At its first release two years ago, Flickr is in some ways the ultimate user-centric site—its customers even helped shape the direction of the company as it moved from an online game to an instant-messaging service with pictures to what it is now—a way for people to upload their photos and share them with the entire community of users. This small shift from previous online photo sites, which stored your pictures in the hope that you’d order prints, changed everything. What was once the digital equivalent of a shoebox became a vibrant community built around photos and a vast collaborative effort to produce an infinite scrapbook.1

Flickr can pull you in, mesmerize you, and suddenly, hours will have passed as you click through the various images, clusters and “most interesting” shots in every subject—or tag—imaginable.
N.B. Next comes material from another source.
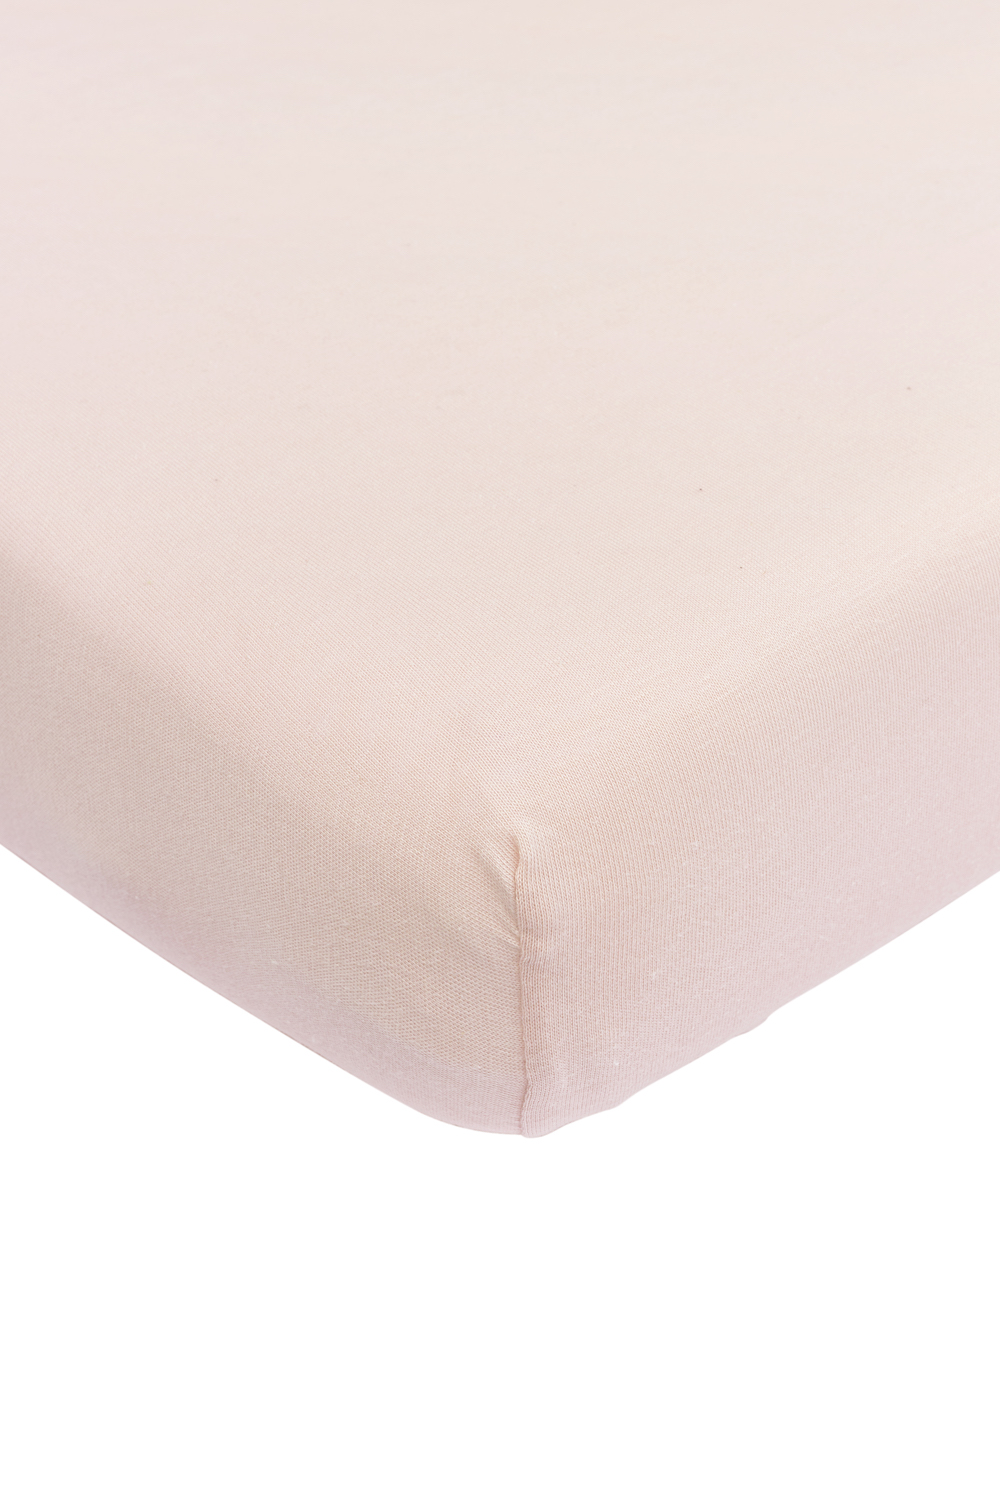 Fitted sheet playpen mattress Uni - soft pink - 75x95cm

Registered users can comment on photos, create image “pools” and users around a central theme, and actually select favorite pictures. Tagging is paramount as well:

Because tagging is so flexible, when others see interesting tags they sometimes apply them to their own photos or even try to take pictures that will fit those categories. For instance, the existence of a Flickr tag “squared circle” leads members to look for such patterns in their surroundings, and take pictures when they perceive them. Users will often form “groups” to share their art (in this case, “squared circle,” now with 3,500 members and more than 26,000 pics).2

Finally, a Mention of Money
All of the tools I’ve discussed in this issue of LTR offer absolutely free set-up options; WordPress, Trillian, MediaWiki are all free applications. With Flickr, however, this could be the one time that you should consider spending the fee to become a Pro member. For twenty-five dollars per year, Pro members get up to two gigabytes of picture storage. Because of the benefits Flickr can provide to libraries, in my opinion, it’s twenty-five bucks well spent.Once again, some cutting-edge librarians found their way to Flickr and established their own sites—pools related to all things library and librarian; groups that posted images of librarians’ desks; and some libraries actually registered their own Pro accounts.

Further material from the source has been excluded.